Integration Applications in Motion

In calculus, integration is a powerful tool for analyzing motion. If you know an object's velocity function $v(t)$, you can use integrals to determine both where the object ends up (displacement) and how much ground it covered to get there (total distance). Another common application is finding the average value of a continuous function over a specific interval.

Displacement vs. Total Distance

When an object moves along a straight line, its velocity $v(t)$ can be positive (moving forward) or negative (moving backward).

Displacement is the net change in position. It is calculated by simply integrating the velocity function over the given time interval $[a, b]$:

$\text{Displacement} = \int_{a}^{b} v(t) dt$

Total Distance is the total amount of ground covered, regardless of direction. To find it, you must integrate the speed, which is the absolute value of velocity:

$\text{Total Distance} = \int_{a}^{b} |v(t)| dt$

To calculate total distance, you need to find where $v(t) = 0$ to identify when the object changes direction, and then split the integral into intervals where $v(t)$ is entirely positive or negative.

Example: Finding Displacement and Total Distance

Problem: Given the velocity function $v(t) = t^2 - 4t + 3$, find the displacement and total distance traveled from $t = 0$ to $t = 4$.

1. Displacement: Simply integrate $v(t)$ from 0 to 4: $\text{Displacement} = \int_{0}^{4} (t^2 - 4t + 3) dt$ $= \left[ \frac{1}{3}t^3 - 2t^2 + 3t \right]_{0}^{4}$ $= \left( \frac{64}{3} - 32 + 12 \right) - 0 = \frac{64}{3} - 20 = \frac{4}{3}$ The net displacement is $\frac{4}{3}$.

2. Total Distance: First, find where $v(t) = 0$: $t^2 - 4t + 3 = (t-1)(t-3) = 0$ The object stops at $t = 1$ and $t = 3$. We split the integral into three parts: $[0, 1]$, $[1, 3]$, and $[3, 4]$.
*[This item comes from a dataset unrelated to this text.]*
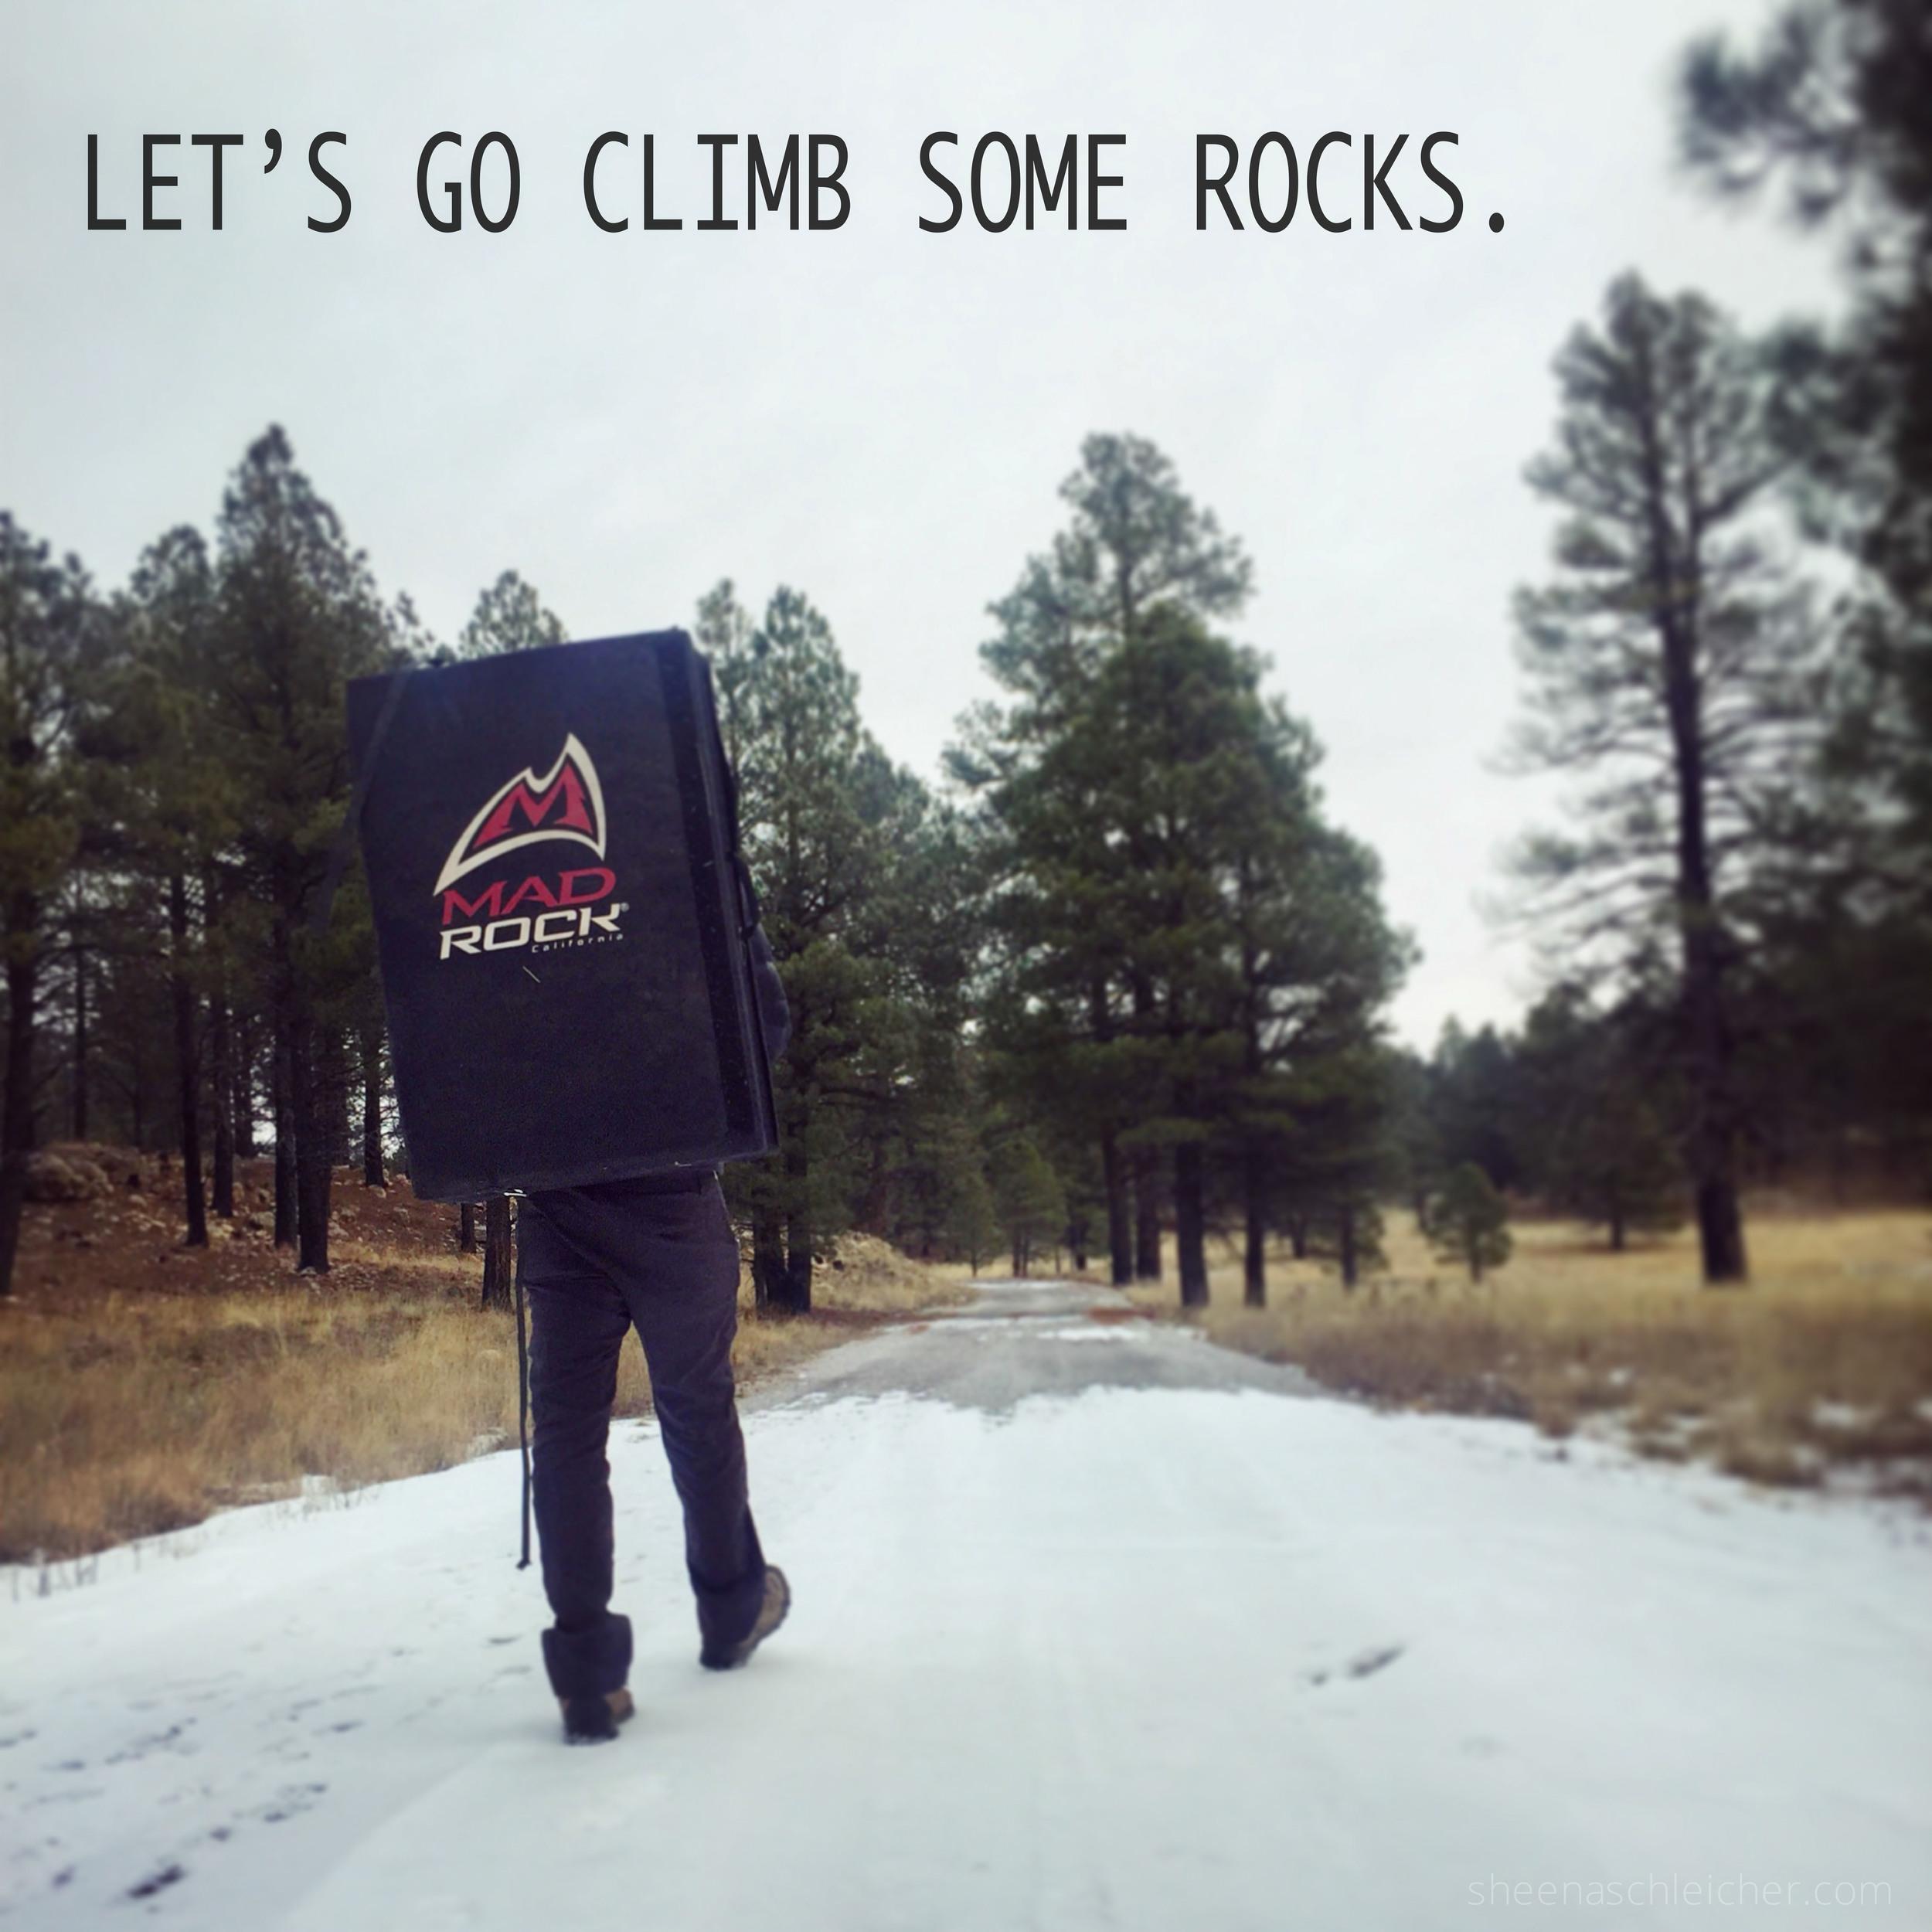 Let's go climb some rocks. #bouldering #madrock #flagstaff #az

• Interval $[0, 1]$ (Moving forward): $\int_{0}^{1} (t^2 - 4t + 3) dt = \left[ \frac{1}{3}t^3 - 2t^2 + 3t \right]_{0}^{1} = \frac{1}{3} - 2 + 3 = \frac{4}{3}$
• Interval $[1, 3]$ (Moving backward): $\int_{1}^{3} (t^2 - 4t + 3) dt = \left[ \frac{1}{3}t^3 - 2t^2 + 3t \right]_{1}^{3} = (9 - 18 + 9) - \left(\frac{4}{3}\right) = -\frac{4}{3}$ The distance here is $\left|-\frac{4}{3}\right| = \frac{4}{3}$.
• Interval $[3, 4]$ (Moving forward): $\int_{3}^{4} (t^2 - 4t + 3) dt = \left( \frac{64}{3} - 20 \right) - 0 = \frac{4}{3}$

Add the absolute values of these distances: $\text{Total Distance} = \frac{4}{3} + \frac{4}{3} + \frac{4}{3} = \frac{12}{3} = 4$

Average Value of a Function

Integrals also allow us to find the average (mean) value of a continuous function $f(x)$ over a closed interval $[a, b]$. The formula is:

$f_{\text{avg}} = \frac{1}{b - a} \int_{a}^{b} f(x) dx$

Geometrically, this represents the height of a rectangle with width $(b-a)$ that has the exact same area as the region under the curve $f(x)$ on that interval.

Example: Finding the Average Value

Problem: Find the average value of $f(x) = \sin x$ on the interval $[0, \pi]$.

Using the formula: $f_{\text{avg}} = \frac{1}{\pi - 0} \int_{0}^{\pi} \sin x dx$ $= \frac{1}{\pi} \left[ -\cos x \right]_{0}^{\pi}$ $= \frac{1}{\pi} (-\cos(\pi) - (-\cos(0)))$ $= \frac{1}{\pi} (-(-1) + 1) = \frac{2}{\pi}$

The average value of $\sin x$ on $[0, \pi]$ is $\frac{2}{\pi}$.